### WHAT TO DO
For this task, copy all of the data below exactly and skip the pictures.

### INFORMATION SUPPLIED
.....

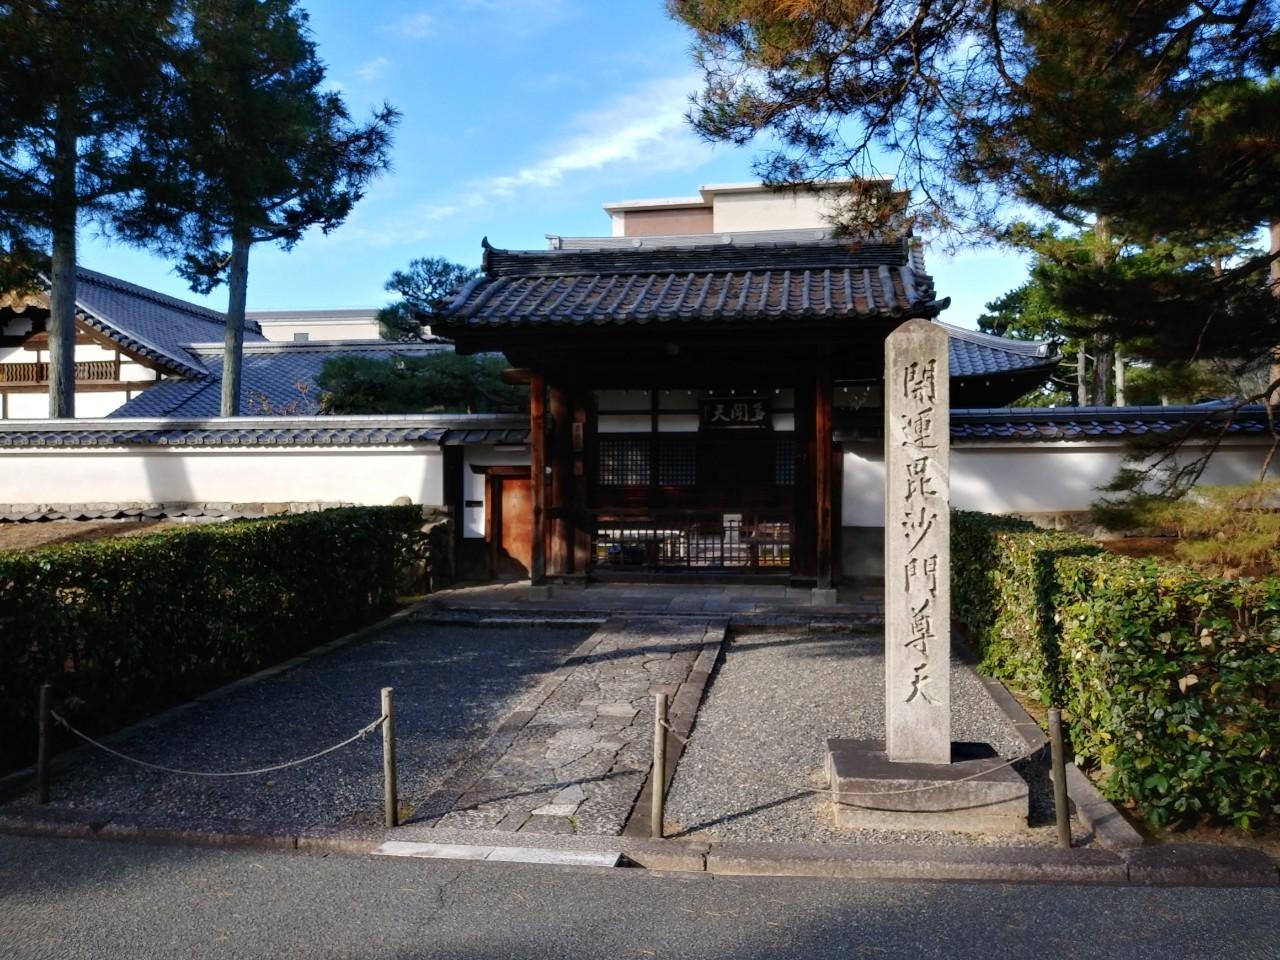 20201128伝統芸能で旅する京都 相国寺養源院
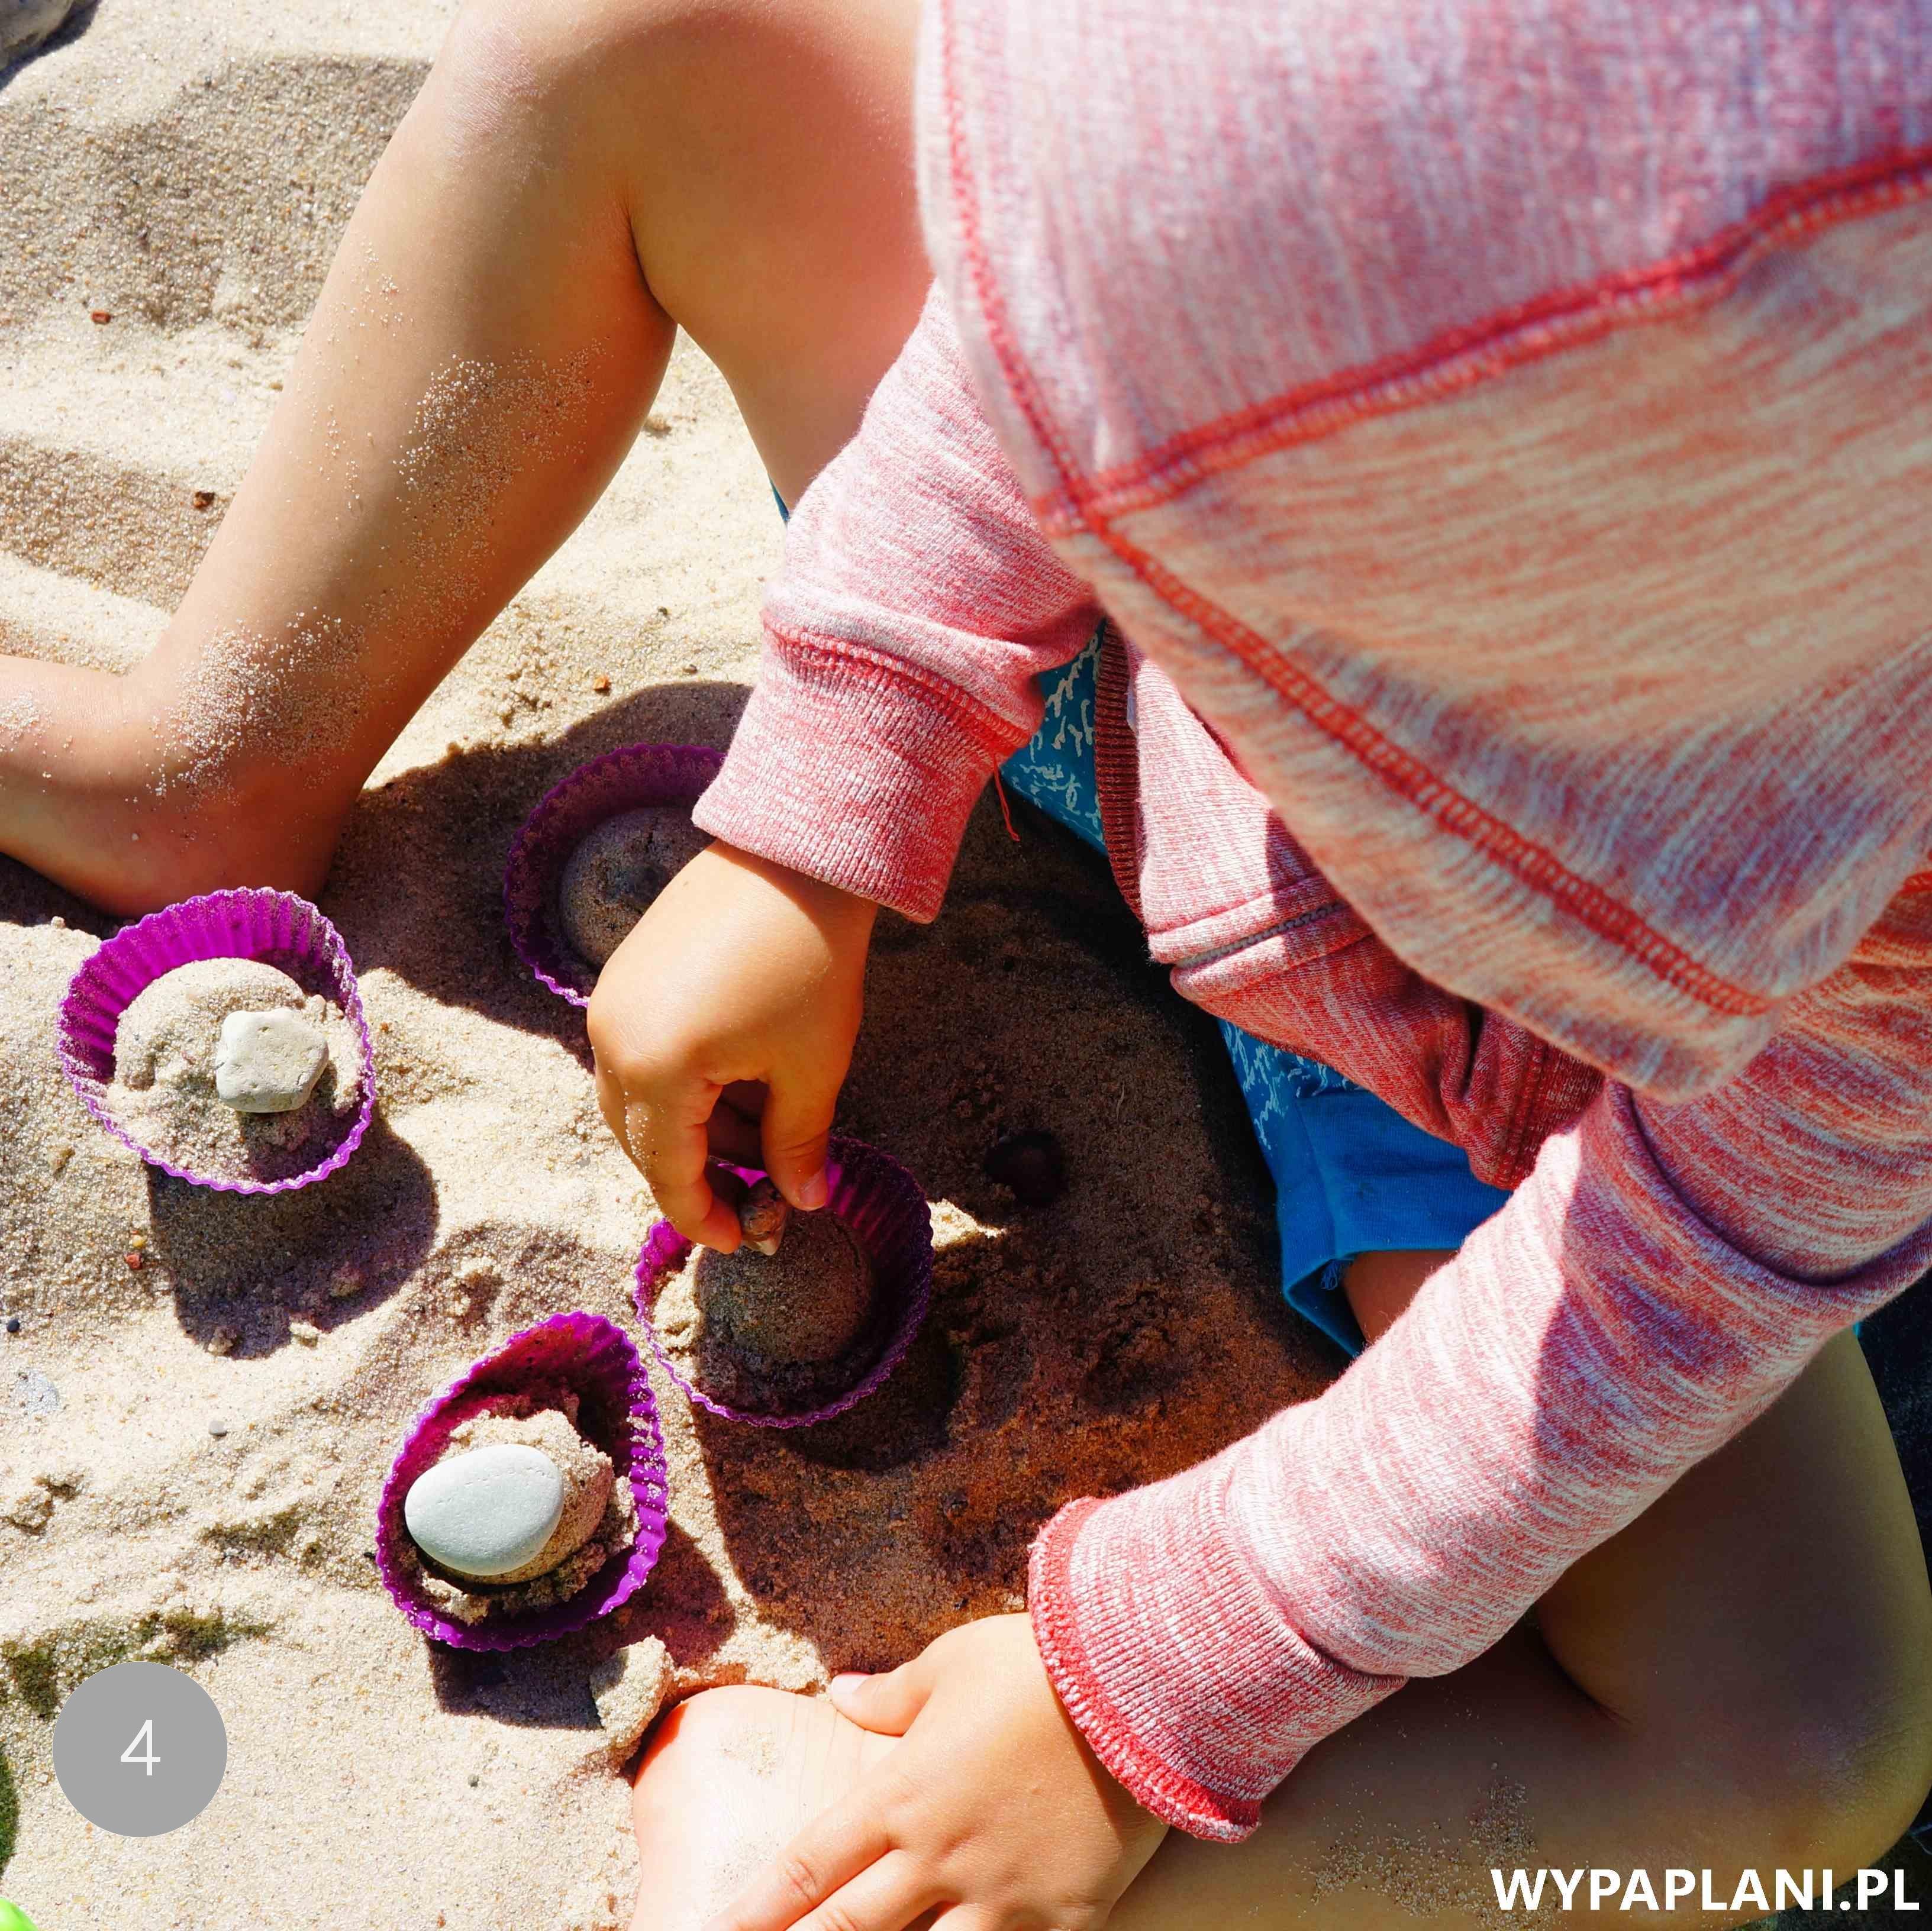 016_top zabawki do piasku piaskownicy na plażę
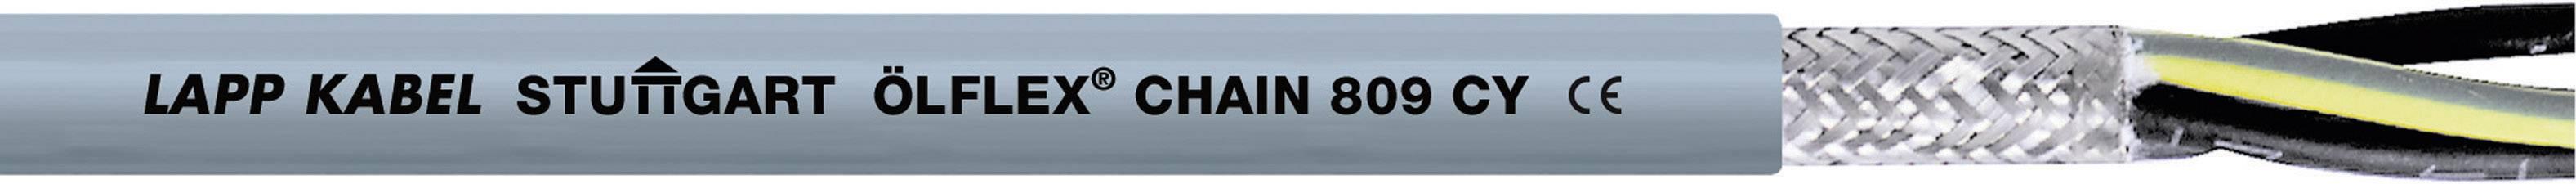 Žíla kabelu LappKabel ÖLFLEX CHAIN 809 CY 4G1,0 (1026769), 4x 1 mm², PVC, Ø 7,5 mm, stíněný, 50 m, šedá

.....

### SOLUTION FOR THIS EXERCISE
 20201128伝統芸能で旅する京都 相国寺養源院
 016_top zabawki do piasku piaskownicy na plażę
 Žíla kabelu LappKabel ÖLFLEX CHAIN 809 CY 4G1,0 (1026769), 4x 1 mm², PVC, Ø 7,5 mm, stíněný, 50 m, šedá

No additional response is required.